The task:
Look through the listing below for the line containing "Classic Girls Night". Copy it and each line after it up to and including the line containing "Succulent wedding centerpiece, blue", exactly, leaving out pictures.

Source information:

━━━━━━━━━━━━━━━━

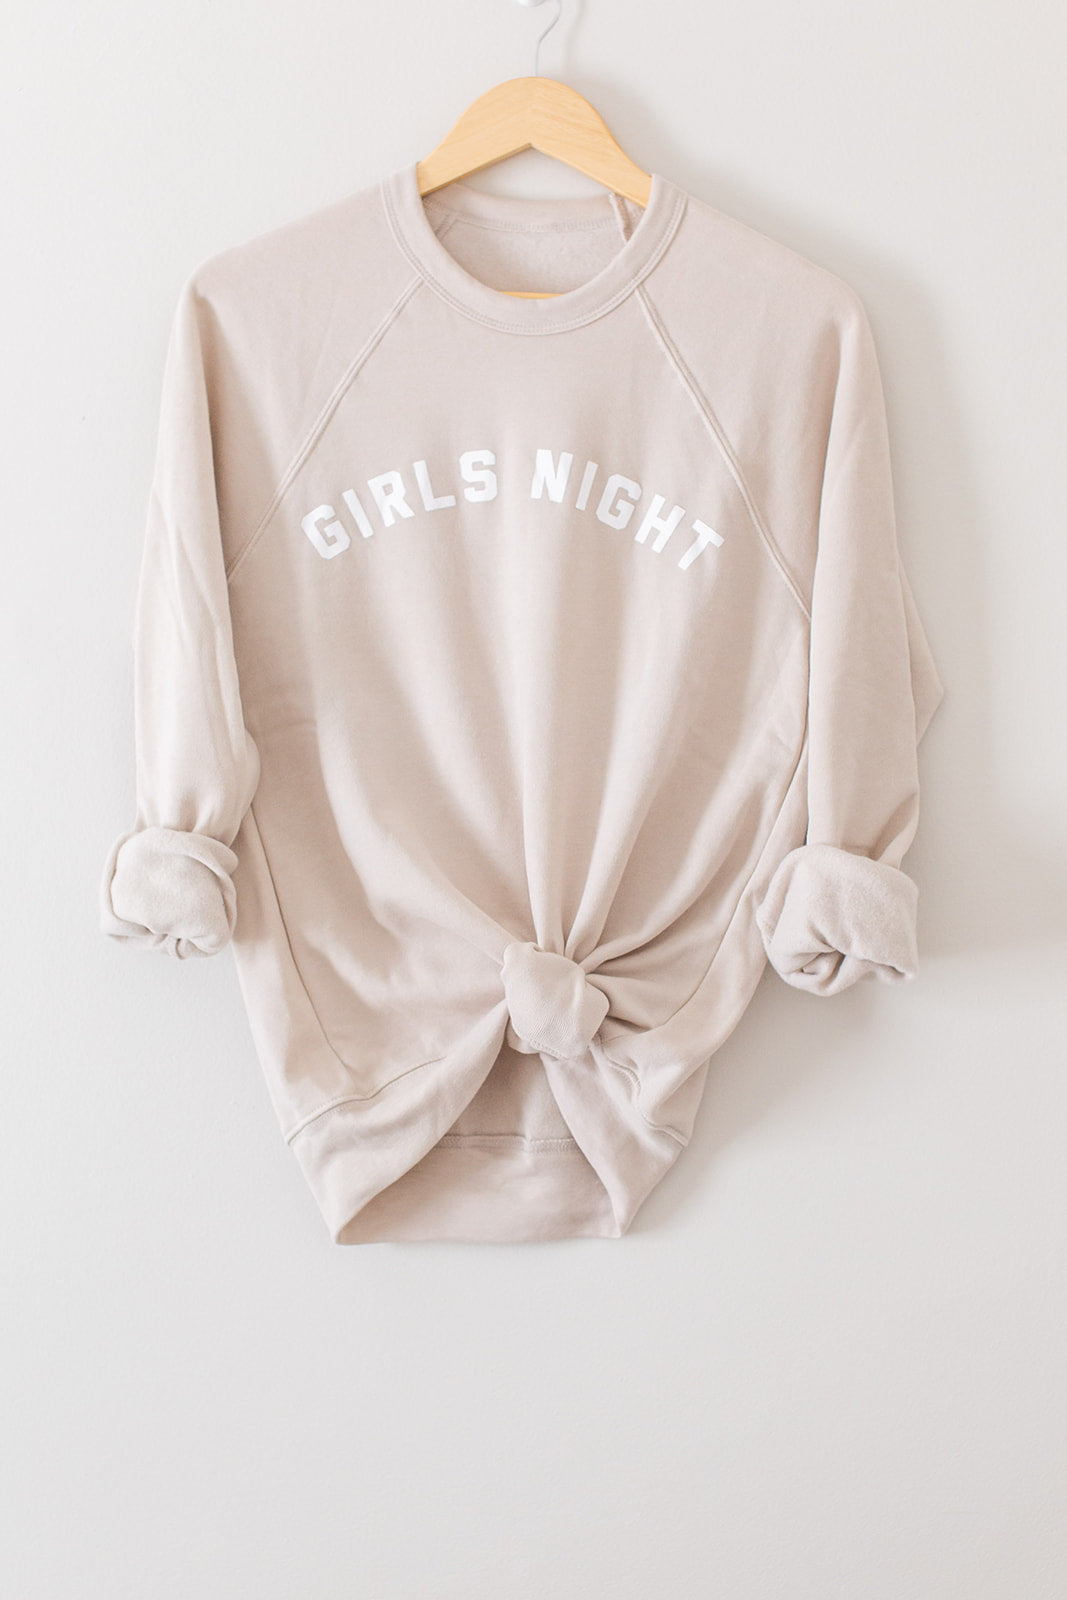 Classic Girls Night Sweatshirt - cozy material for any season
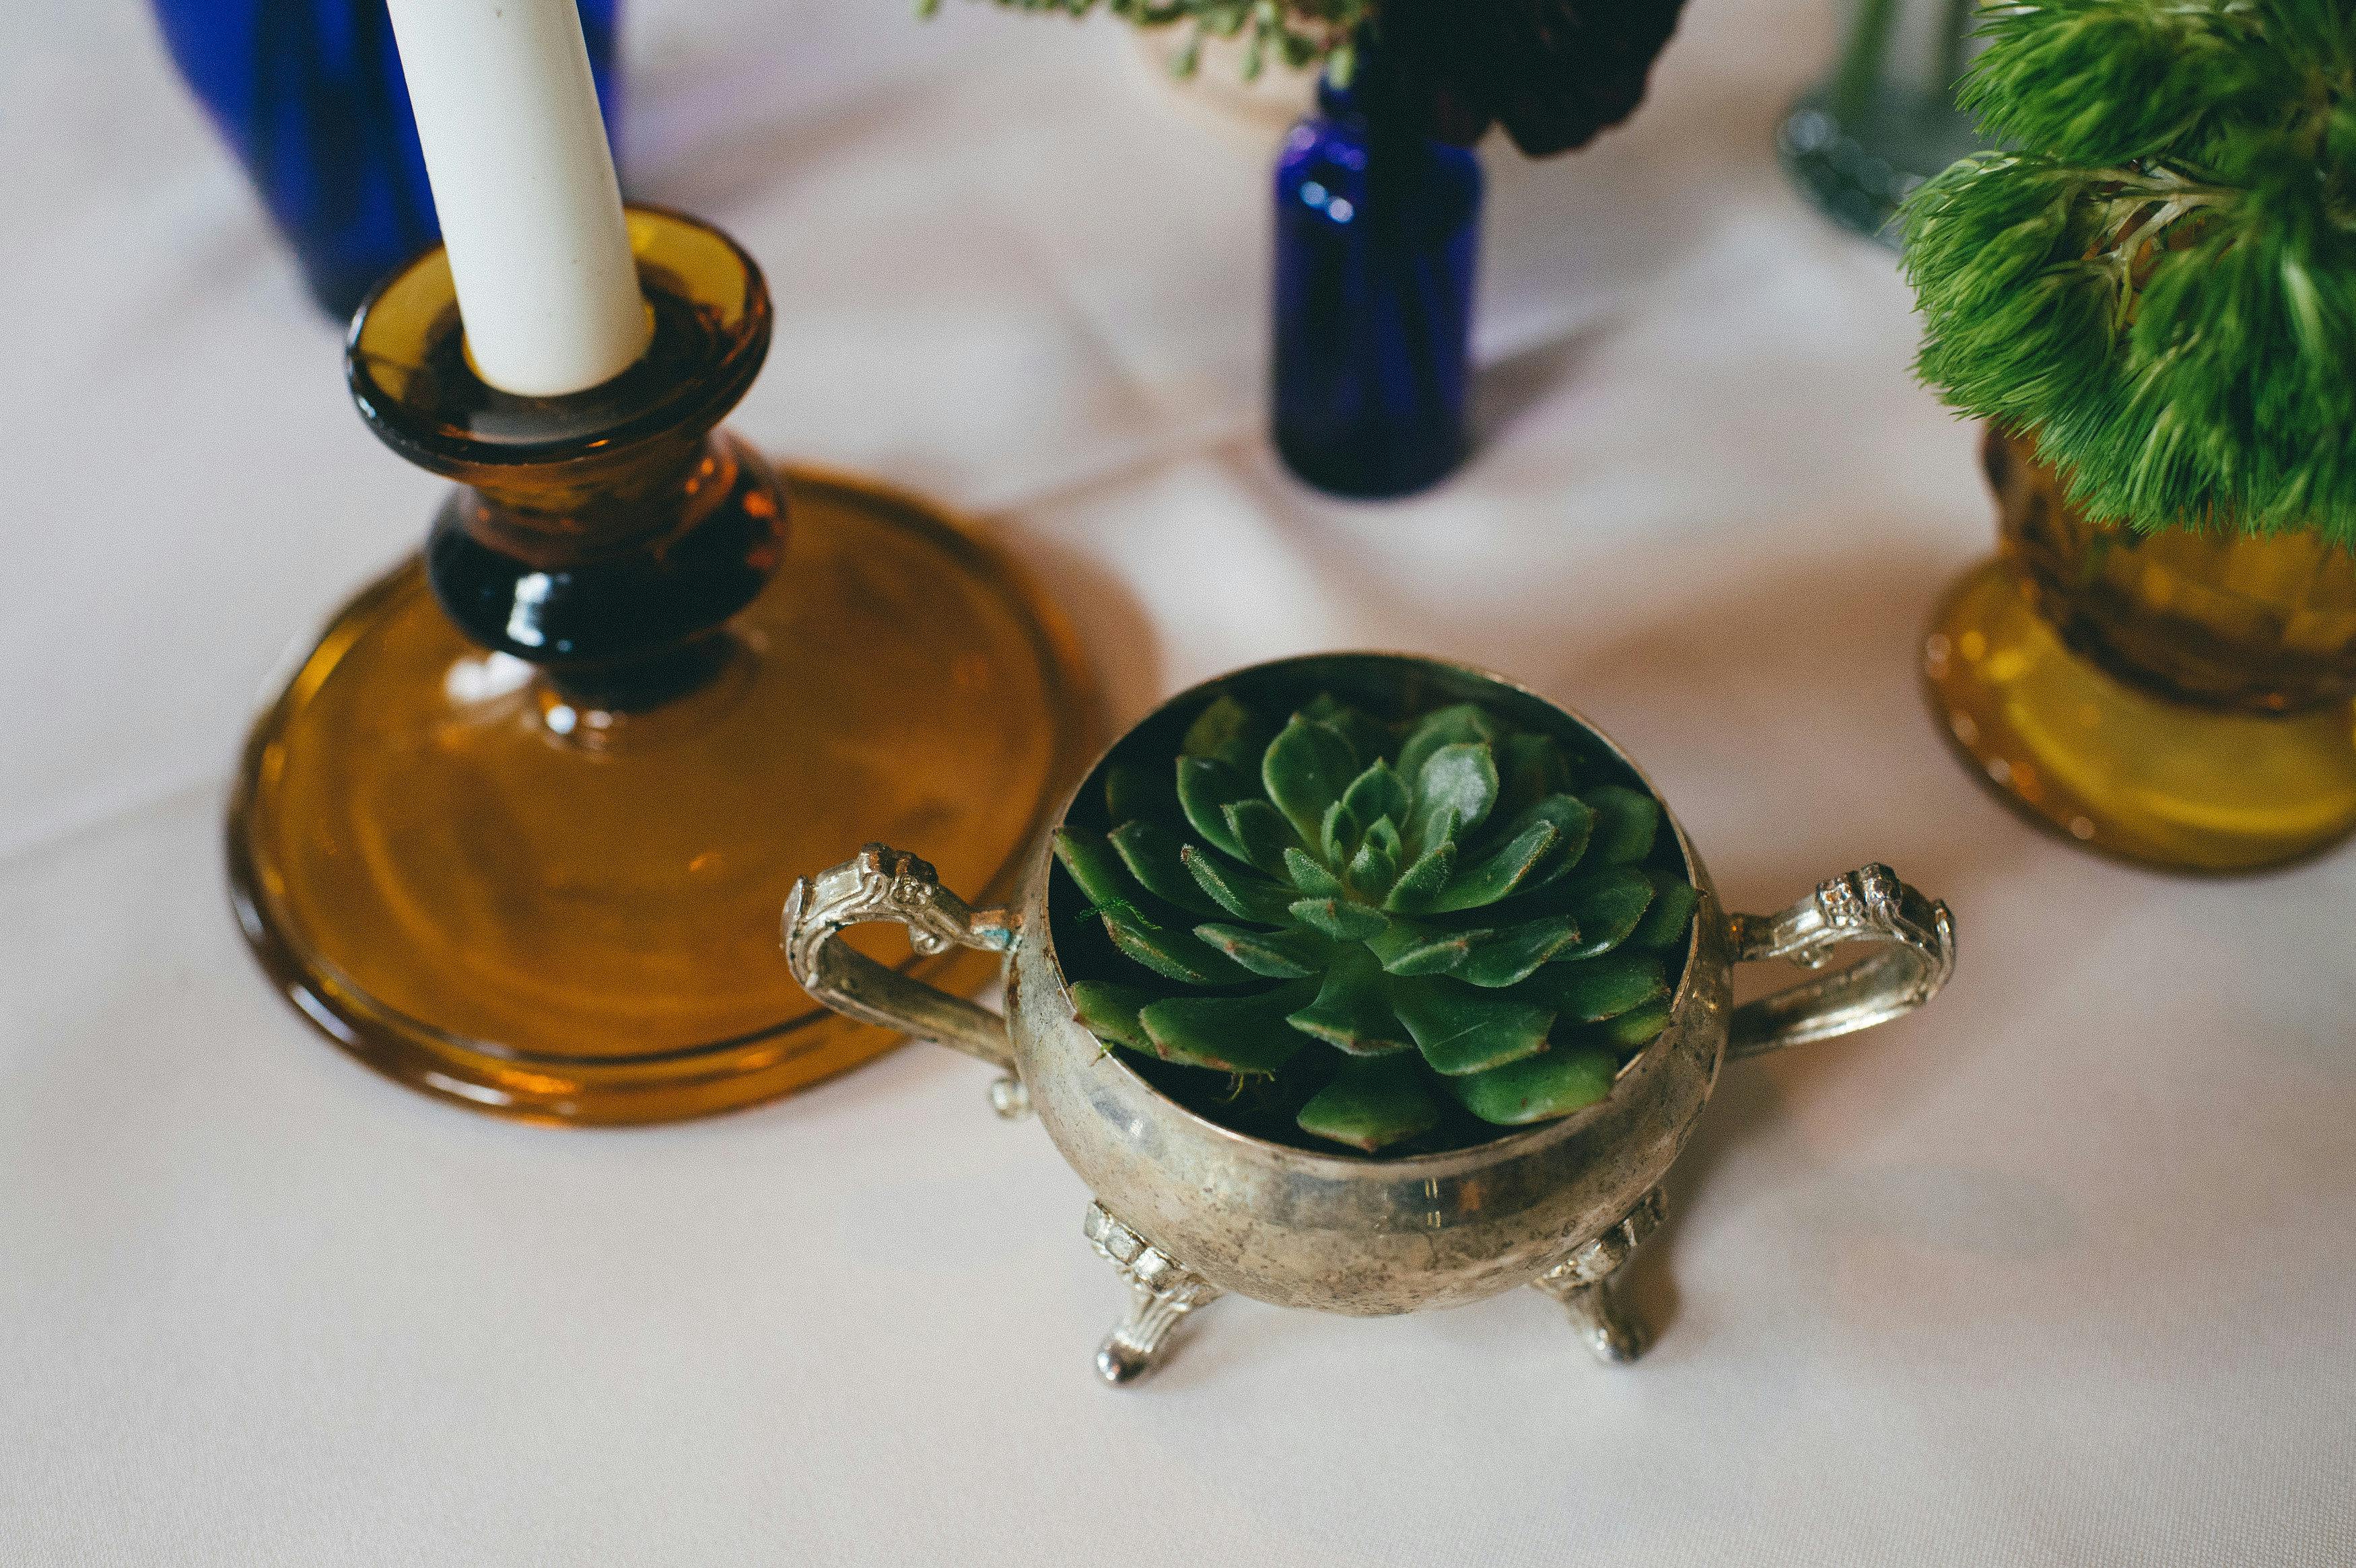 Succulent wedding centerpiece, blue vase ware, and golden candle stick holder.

━━━━━━━━━━━━━━━━

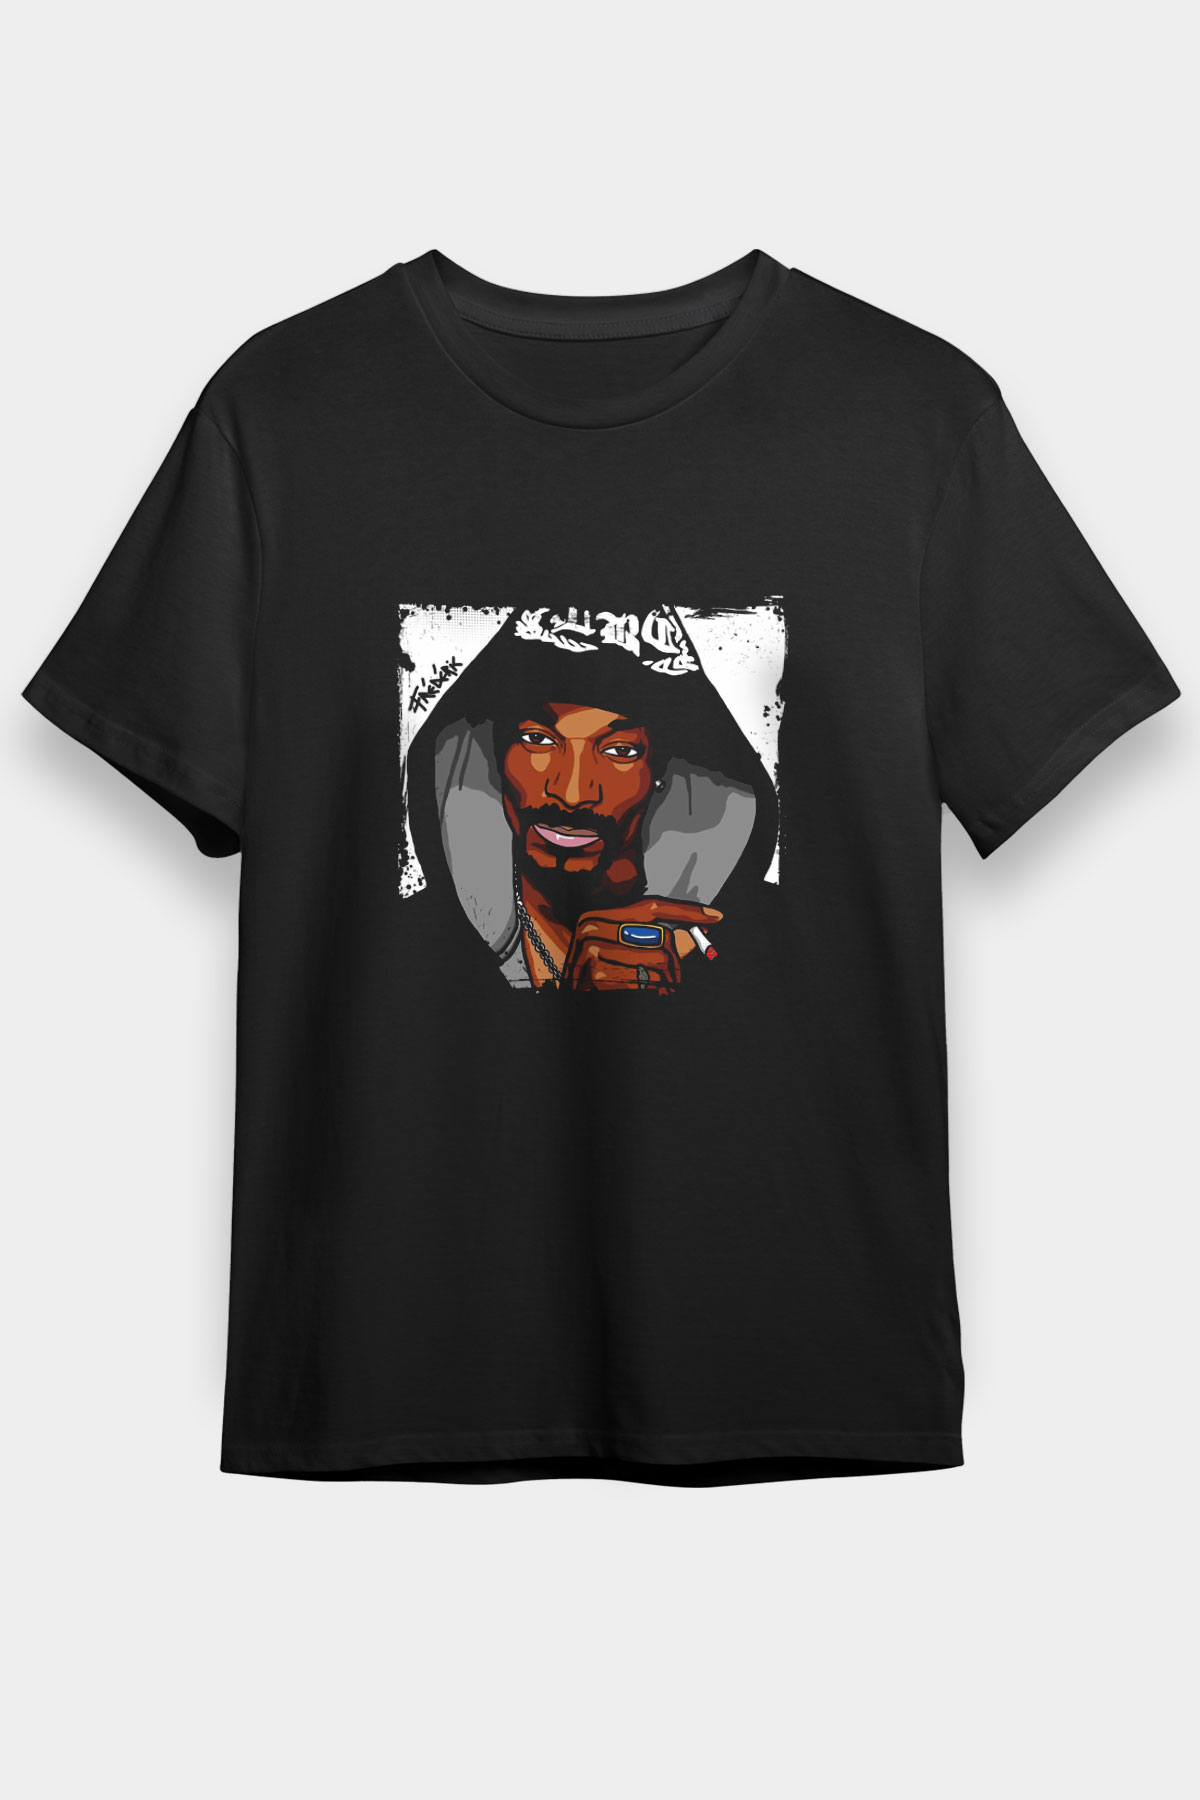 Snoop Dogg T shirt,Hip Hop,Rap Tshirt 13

━━━━━━━━━━━━━━━━

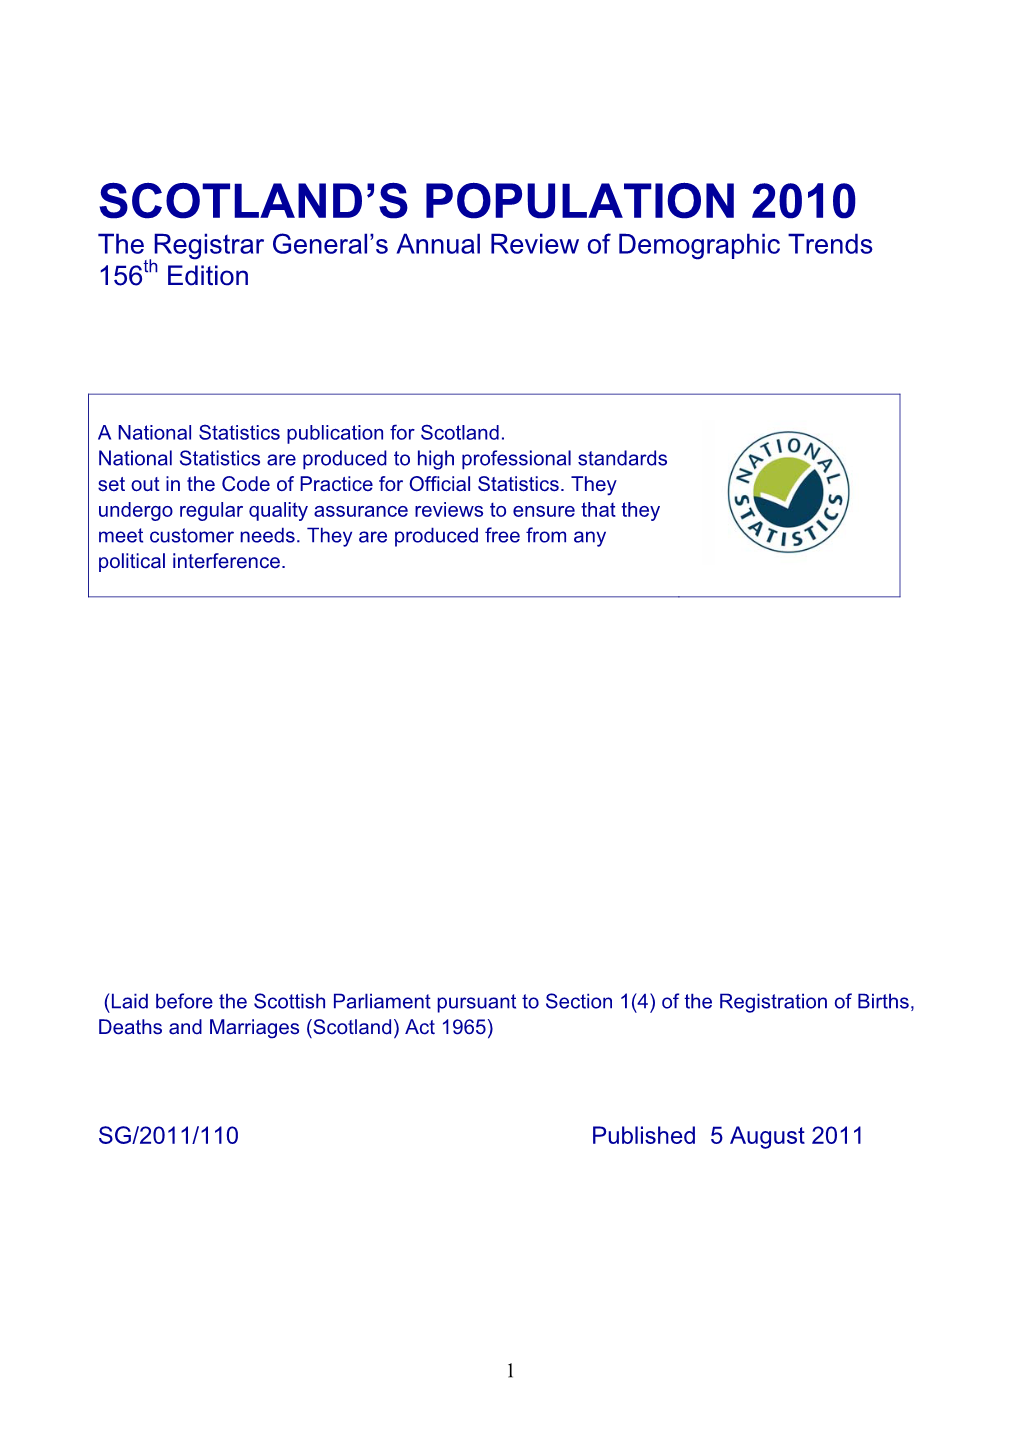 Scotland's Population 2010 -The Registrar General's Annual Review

━━━━━━━━━━━━━━━━

Problem solution:
 Classic Girls Night Sweatshirt - cozy material for any season
 Succulent wedding centerpiece, blue vase ware, and golden candle stick holder.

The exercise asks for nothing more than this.